Who’s the weakest link at this conference?

It costs a lot of money to get to a conference with travel, staff absent, entry costs and so forth – and if you’re heading there for educational technology – especially in Sydney you’d better pack your own 3G connection.

“Wifi is ubiquitous” they say – except in your room, where they will slug you up to $20 a day for some faint signal. On the conference floor, the wifi dies within minutes, as people lean over to peer into their own private metaverse while the first Power Point of the day grinds itself into your retina.

Today’s EdTech conference goer is truly a global delegate. If each person is connected to just a few hundred cyber-fellows, its increasingly valid to share links, views, resources in our vast and wide land. I won’t mention names, but it’s pretty clear that the ‘big’ venues in Sydney (who charge astronomical fees) simply cannot cope with today’s natural born cyborgs – and not getting the message – or don’t care.

Conference wifi is a given – and yet seems to be run off a $50 Belkin in the managers office most of the time. People wander the halls like digital-zombies asking ‘have you got signal?’ … reducing their computational power to zero. It’s hard to claim Sydney is a international destination for conferences, when I’m yet to visit a venue in 2010 that hasn’t curled up and died before your first coffee.

The weakest link at conferences in Sydney is wifi. Commercial venues are simply hopeless. Don’t bother lugging anything without 3G past your front door. Most presenters and workshoppers I know have given up delivering anything web-based – and don’t even get me started on audio visual quality.

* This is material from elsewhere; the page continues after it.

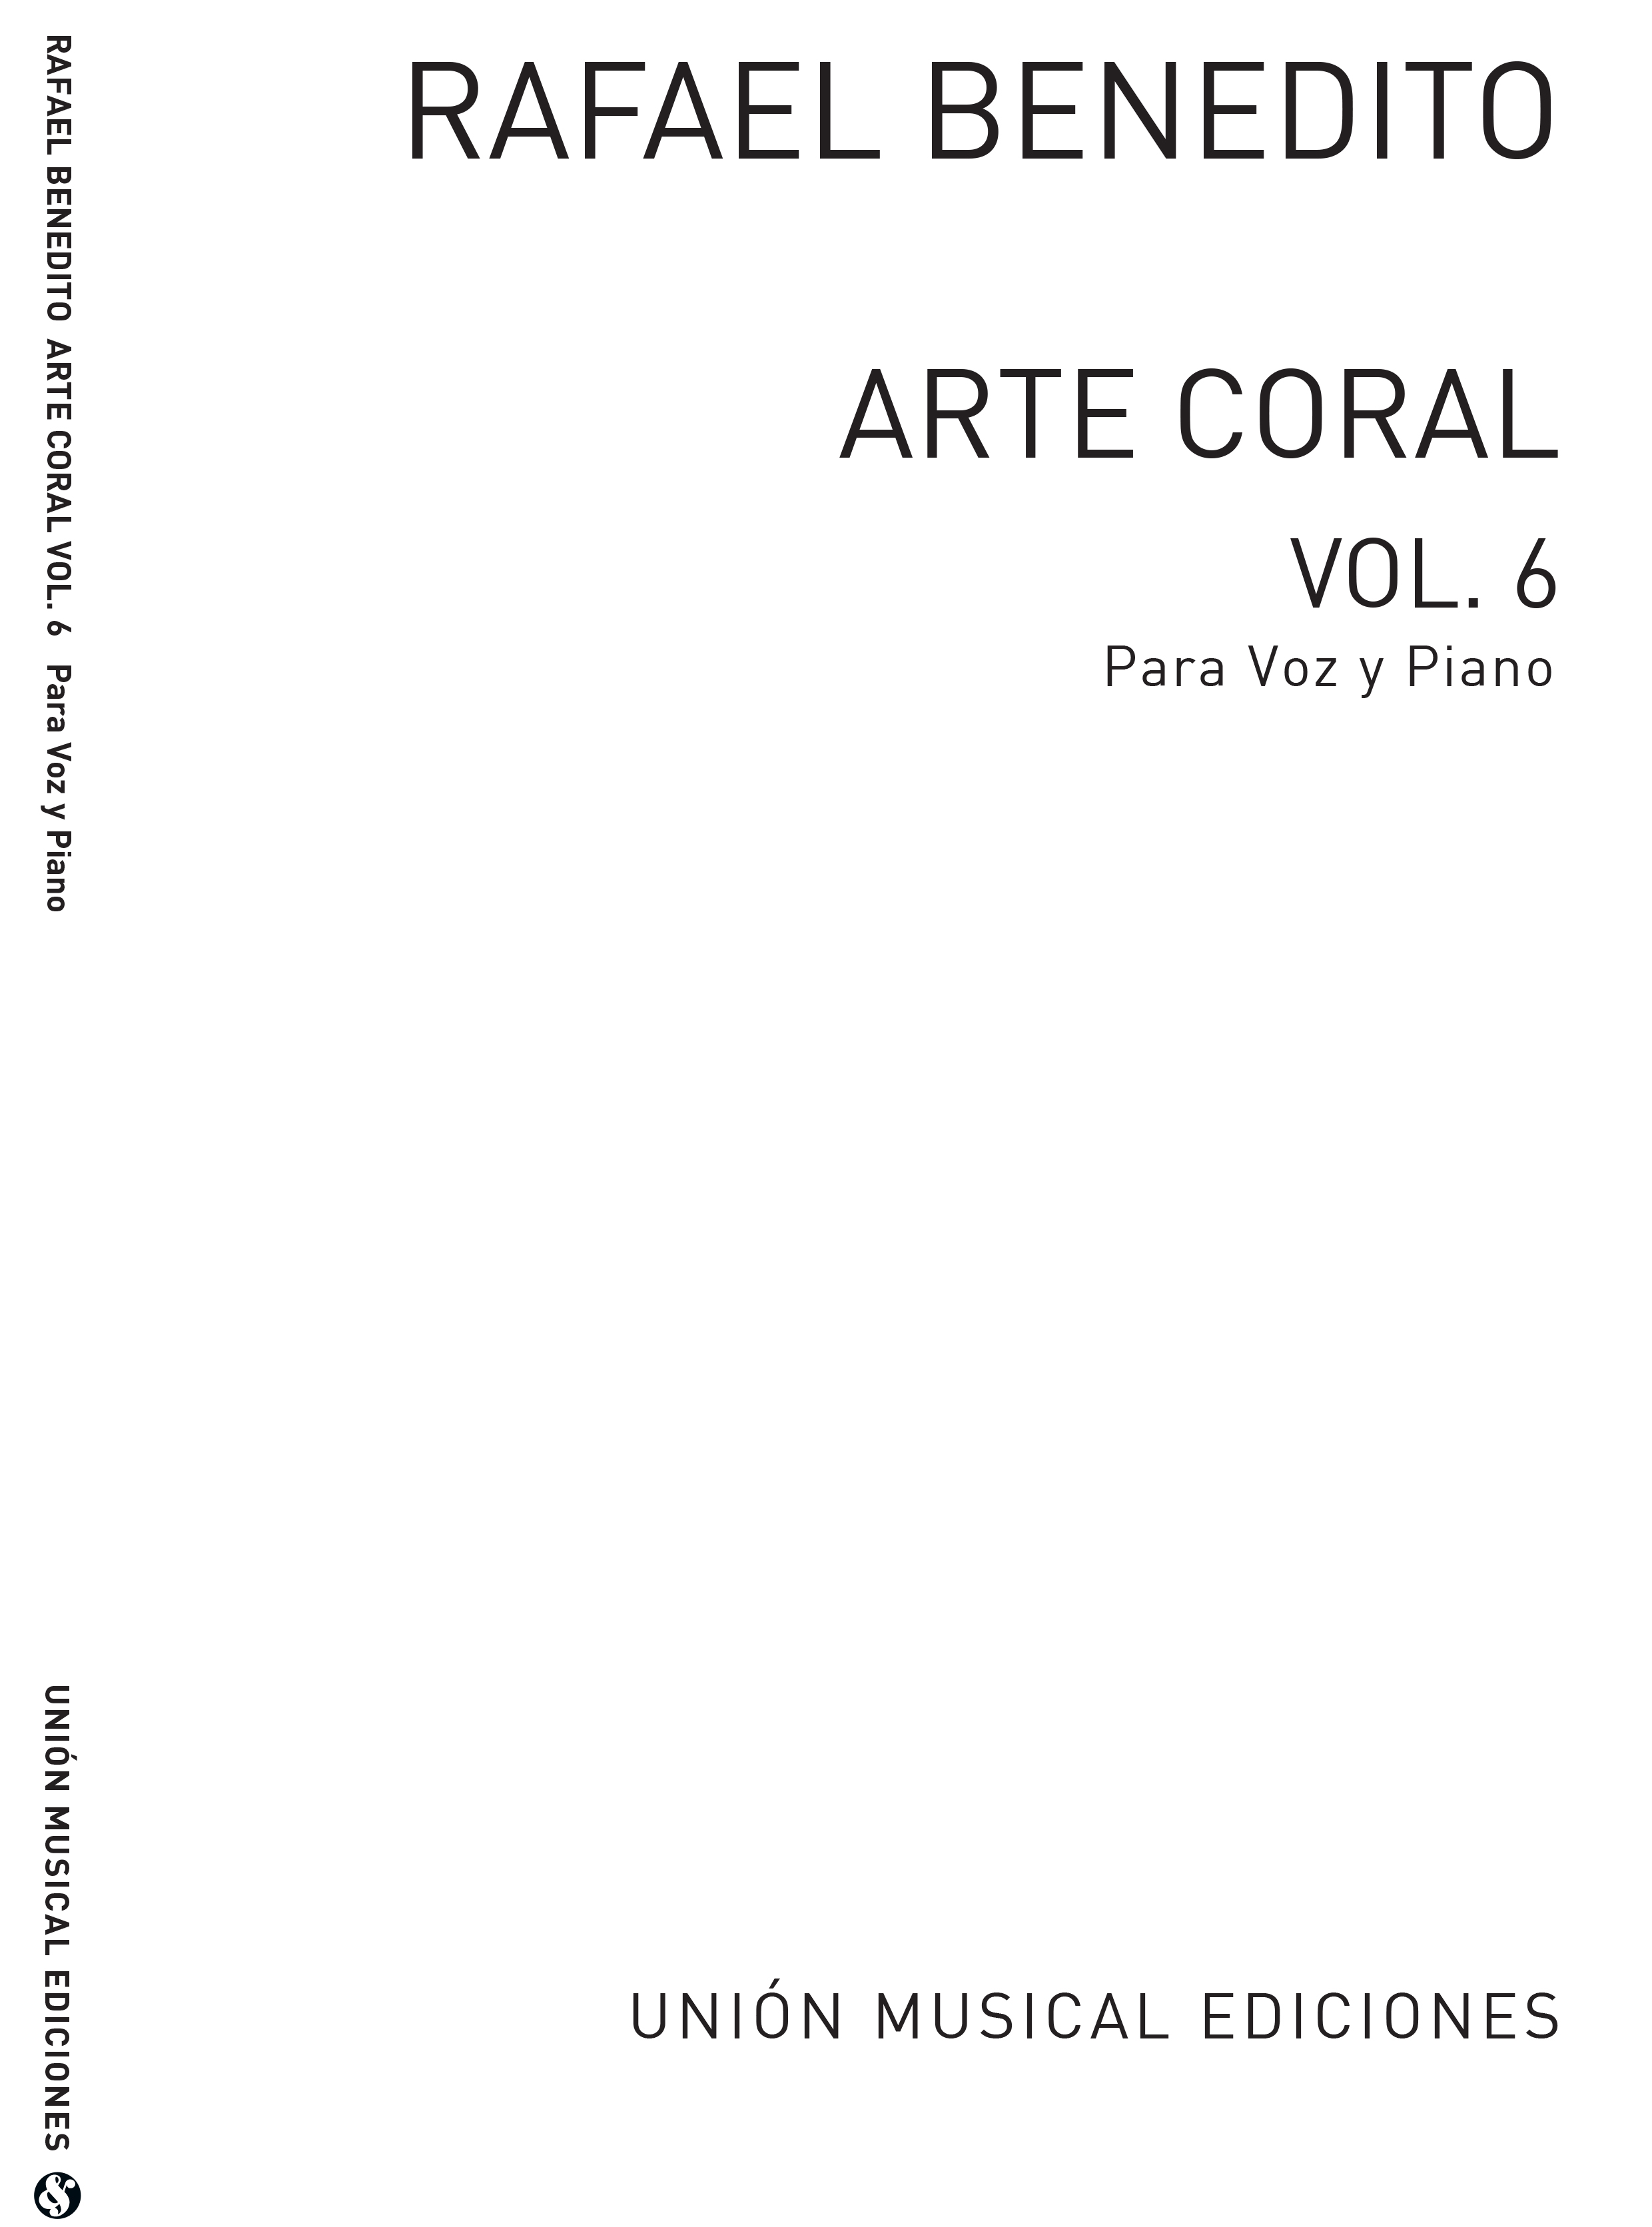 Benedito: Arte Coral Vol 6 for V.M. for choir

Ironically, people ‘think’ Second Life is a poor cousin for conferences – but if you actually want to ‘learn’, then put aside that $1000 entry fee. Buy a new laptop for your staff instead and wait for Best Practices Virtual Worlds – you won’t be disappointed, and will get to stay at home and stay connected all day for free on your new spuffy laptop – with your friends from around the world. Go on, try it … but then what will all those pro-conference goers do if we’re not sitting in rows watching them excuse their presentation croaking and wifi dumping out.